• [TASK BRIEF] Print the data verbatim. Leave every image out.

• [INFORMATION SUPPLIED]
::::::::

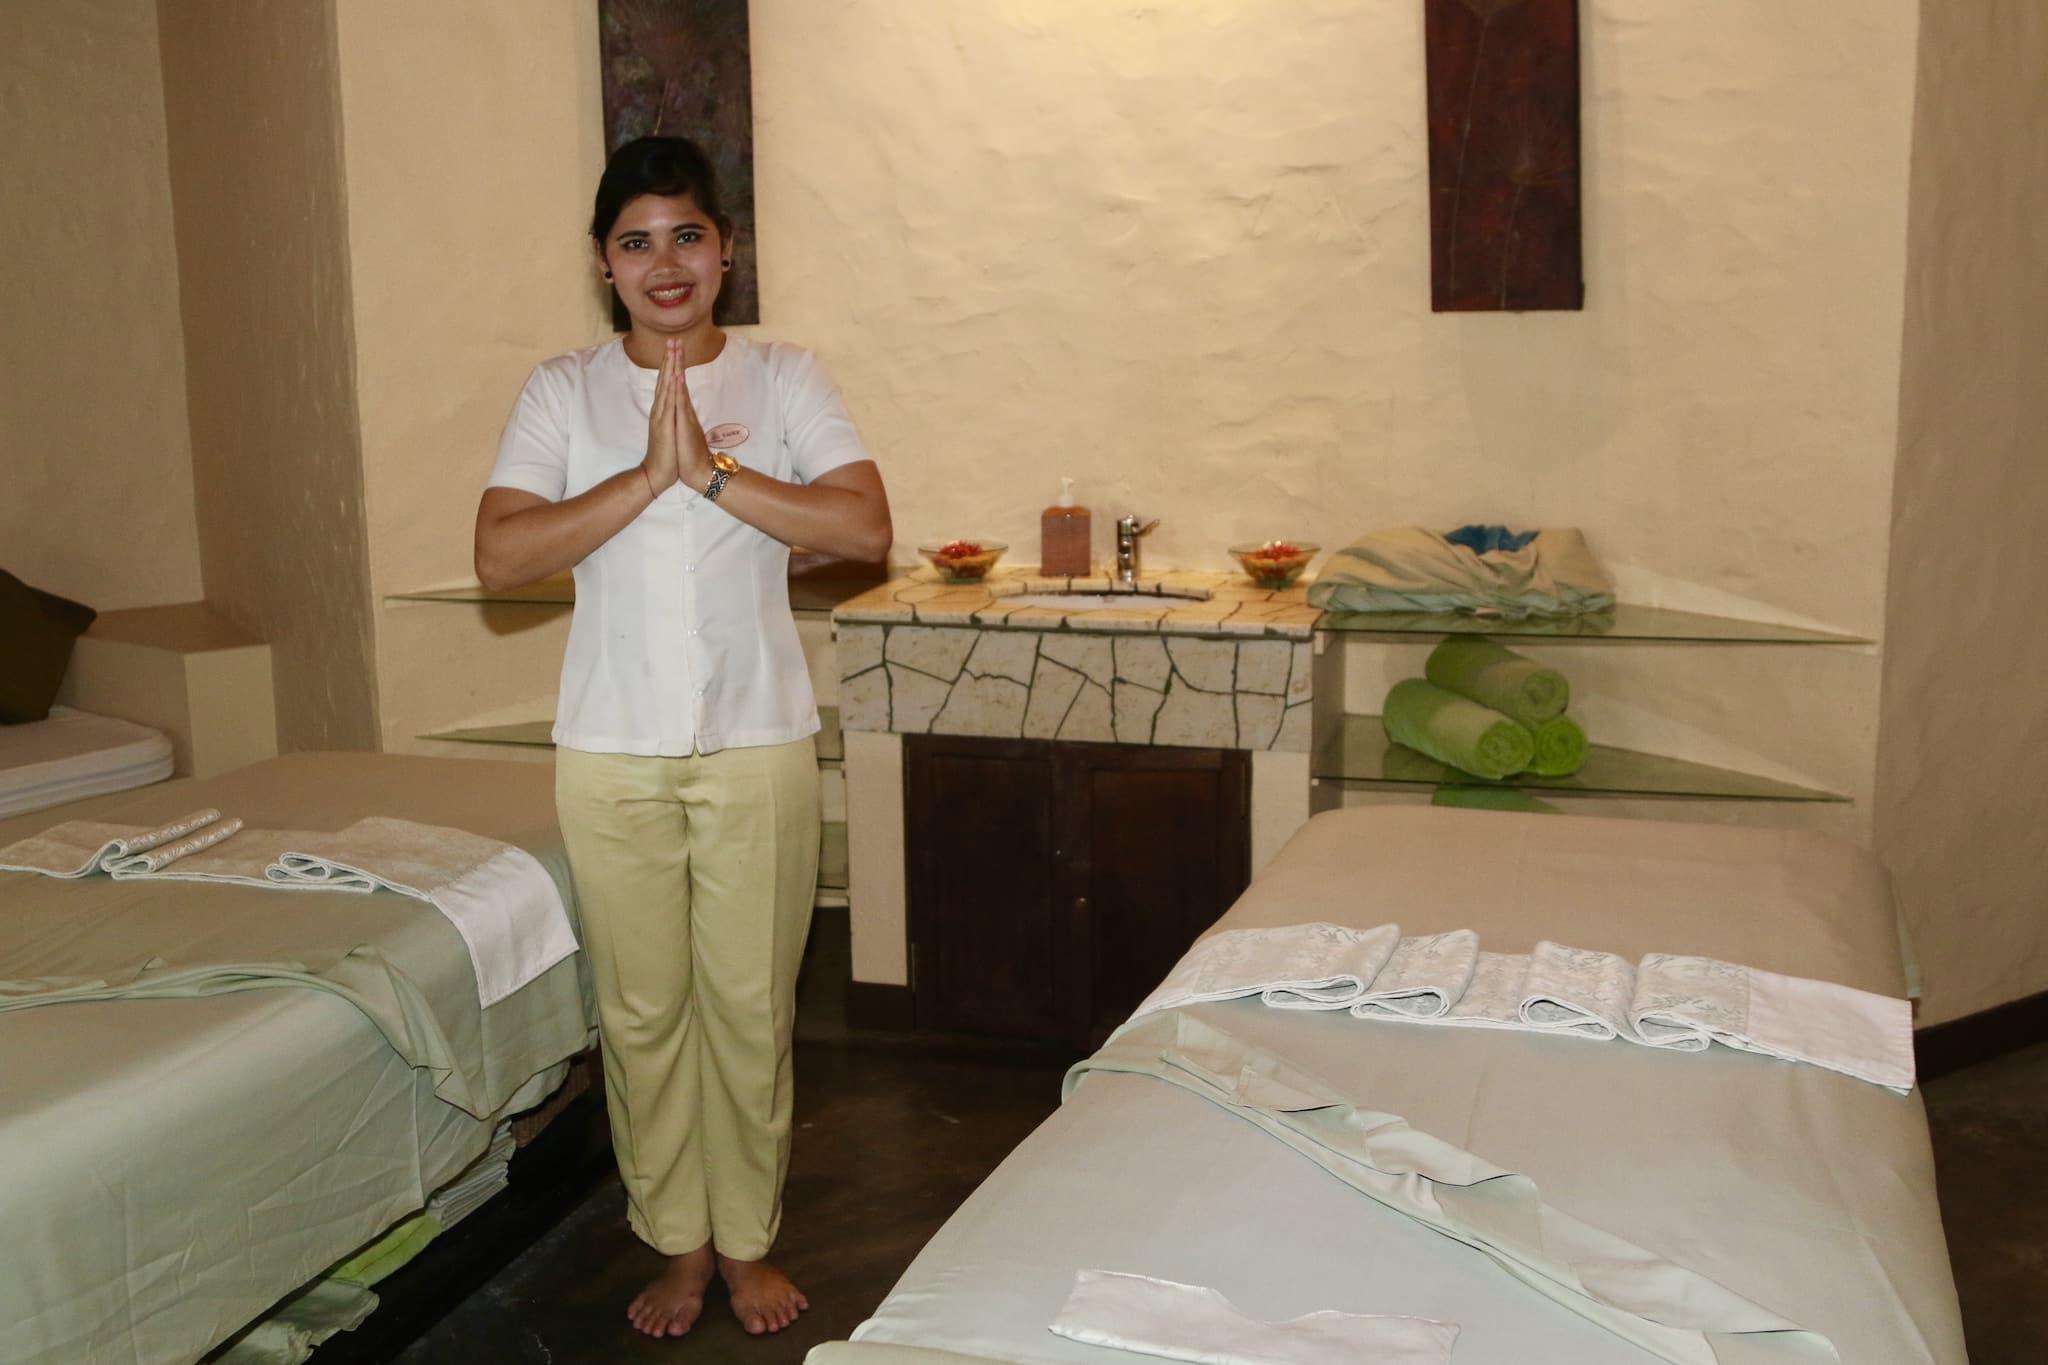 Erholgsfaktor deluxe: Auf den Resortinseln gibt es oftmals Wellness-Center, in denen Massagen und Anwendungen angeboten werden. Foto: Sascha Tegtmeyer Reisebericht Malediven Tipps
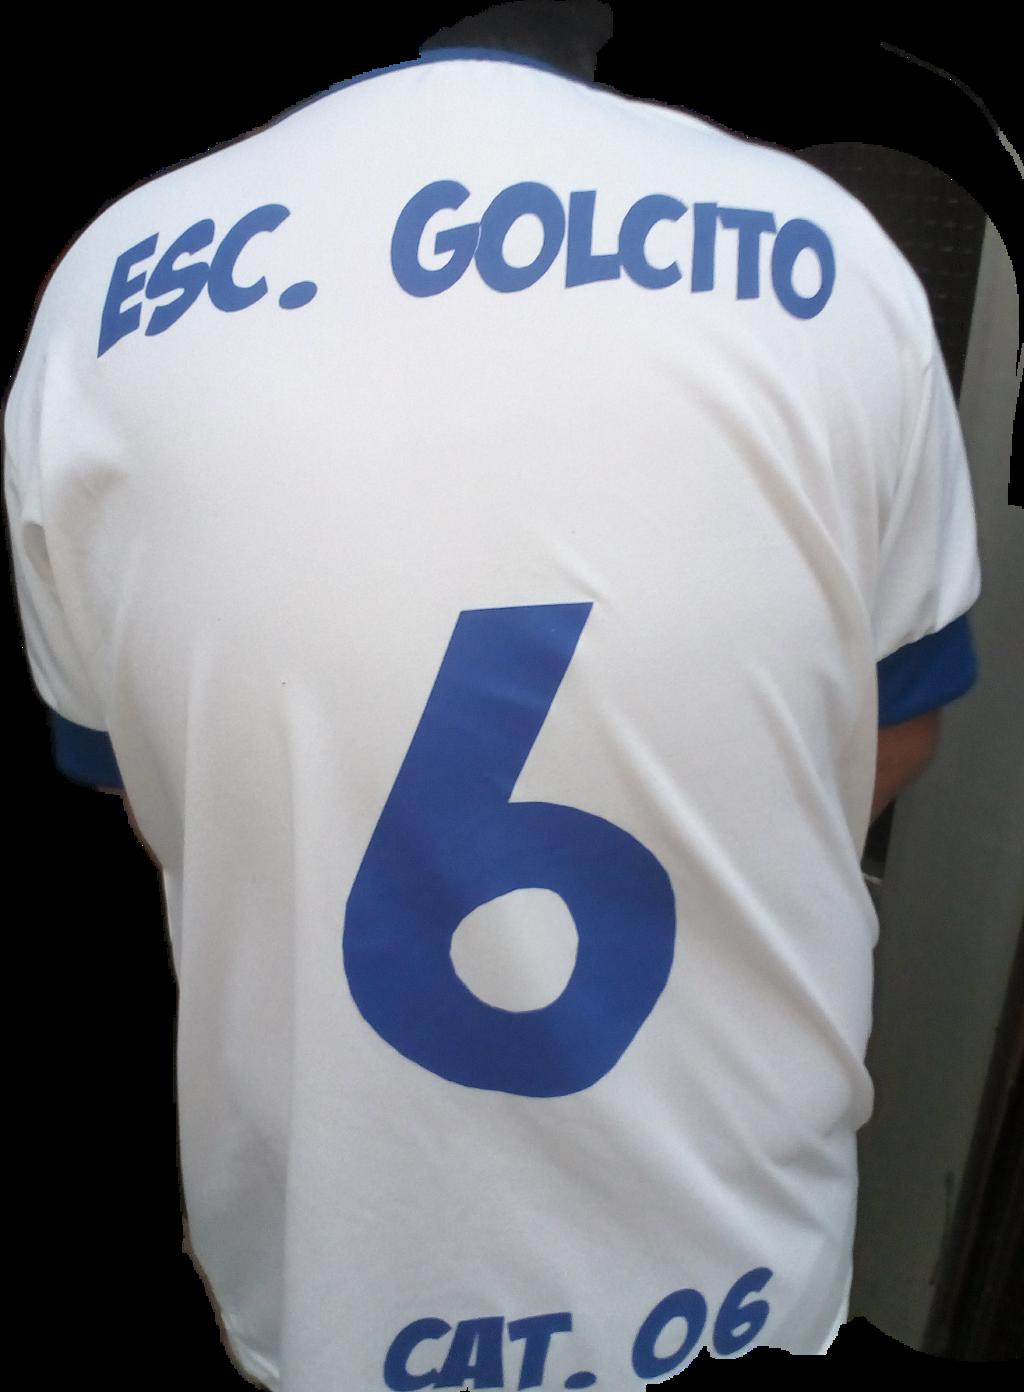 #miequipo de futbol
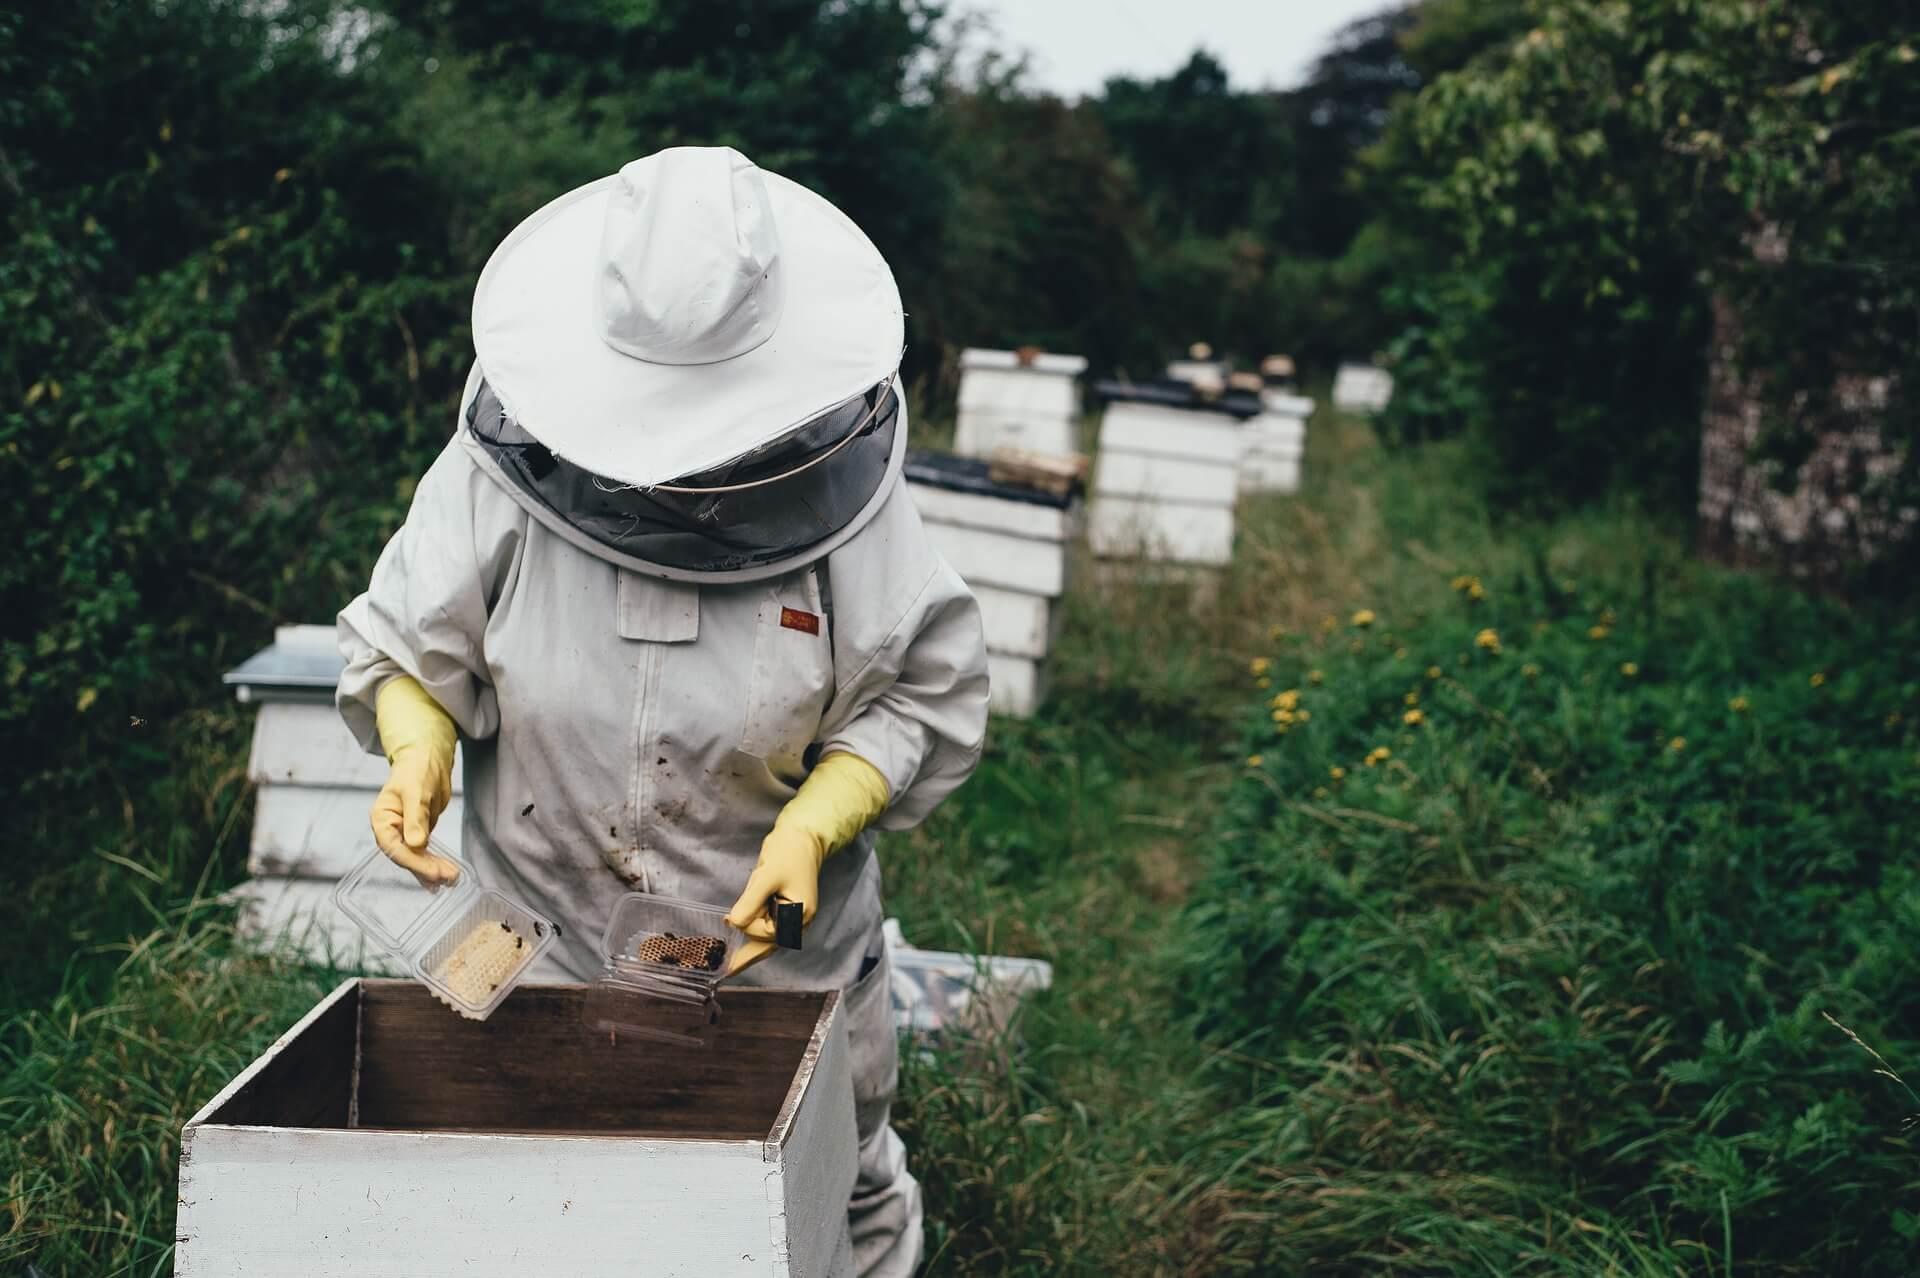 Los apicultores confirman la presencia de la avispa velutina en Palencia - Noticia - admaplagas.es

::::::::

• [SOLUTION BELOW]
 Erholgsfaktor deluxe: Auf den Resortinseln gibt es oftmals Wellness-Center, in denen Massagen und Anwendungen angeboten werden. Foto: Sascha Tegtmeyer Reisebericht Malediven Tipps
 #miequipo de futbol
 Los apicultores confirman la presencia de la avispa velutina en Palencia - Noticia - admaplagas.es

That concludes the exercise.